The Earl of Northumberland, leader of a significant portion of English Catholics, had recommended himself to Gresham by setting himself up as a firm opponent of Cecil and vilifying the stunted creature, decorously, at every opportunity. As ever, Northumberland's action revealed the capacity of the English Catholics to always back a loser. Thomas Percy Gresham remembered as a runt of a man who claimed more blood links with Northumberland than most thought he was heir to, and who for some inconsiderable reason Northumberland had apparently made steward of Alnwick Castle, the dripping pile of masonry hung on the bleak Northumbrian coast.

'Does Cecil know of this?'

Moll turned to her tankard, discomfited. 'I doubt it.

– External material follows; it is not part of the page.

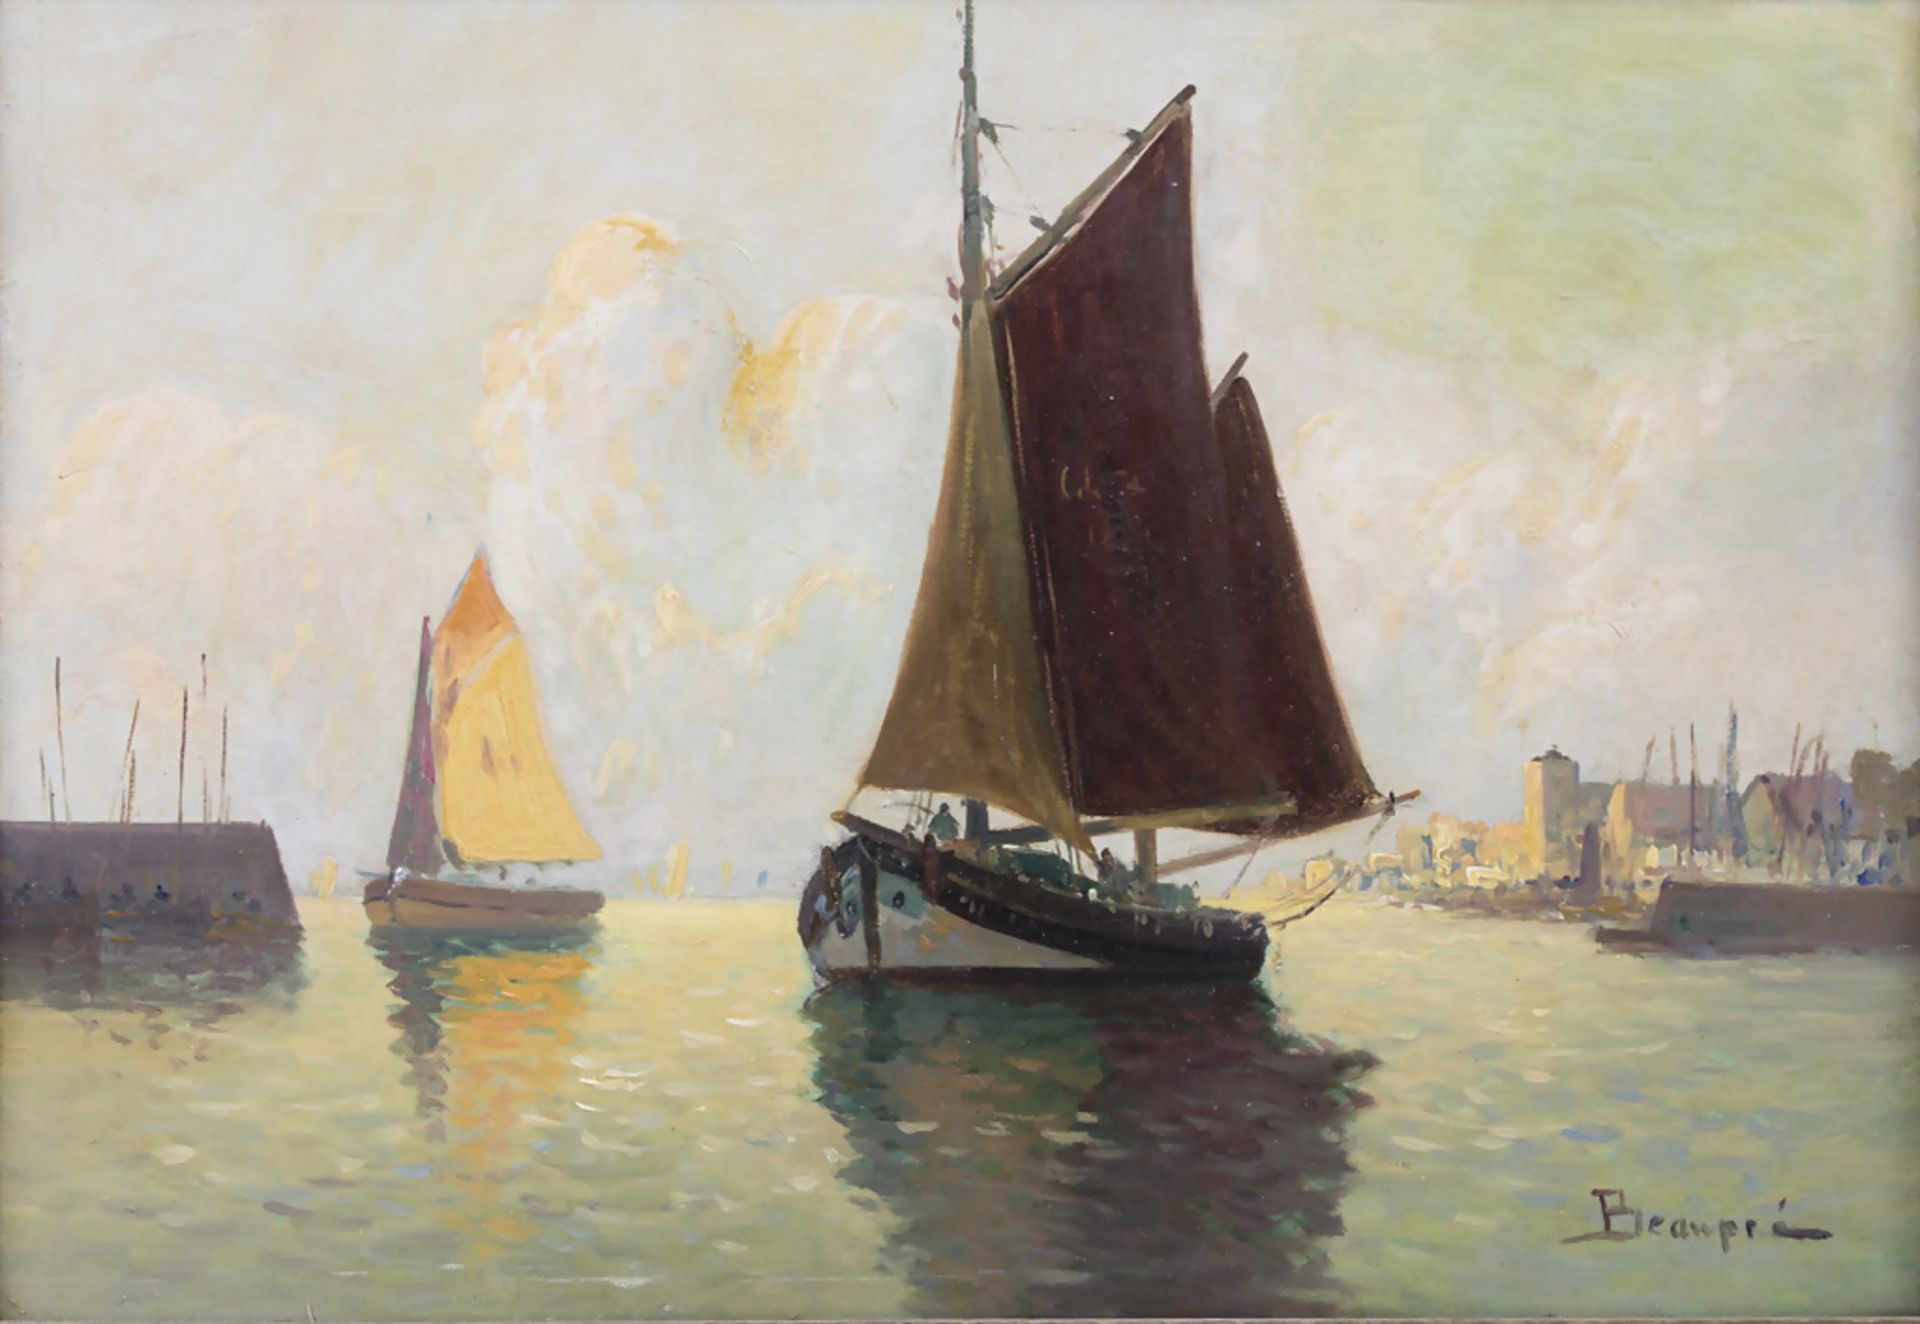 Bastien Beaupré (19./20. Jh.), 'Segelschiff im Hafen' / 'Sailing boat in a harbour', um 1900

And certainly not from me, if he does. Cecil and I are… not dealing with each other, as things stand.'

'Why, Moll,' said Gresham, the half-smile lighting his face, 'what did we do to his Lordship?'

Moll scowled, and then let a half-grin cross her face. 'Why, it was a good song. They loved it at The Swan. Here, it was so good I bought this in the street three hours after I had first sung it.'

Gresham looked at the crudely printed ballad sheet Moll thrust into his hands. He read the words with increasing astonishment and good humour.

‘I would believe almost anything of Cecil,' he said, struggling to keep even half a straight face, 'but surely not with a three-legg'd goat and a candlestick?'

'Aye, well, we poets must give free rein to our imagination, mustn't we? Careful — that cost all of a penny!' she exclaimed as Gresham pocketed the paper.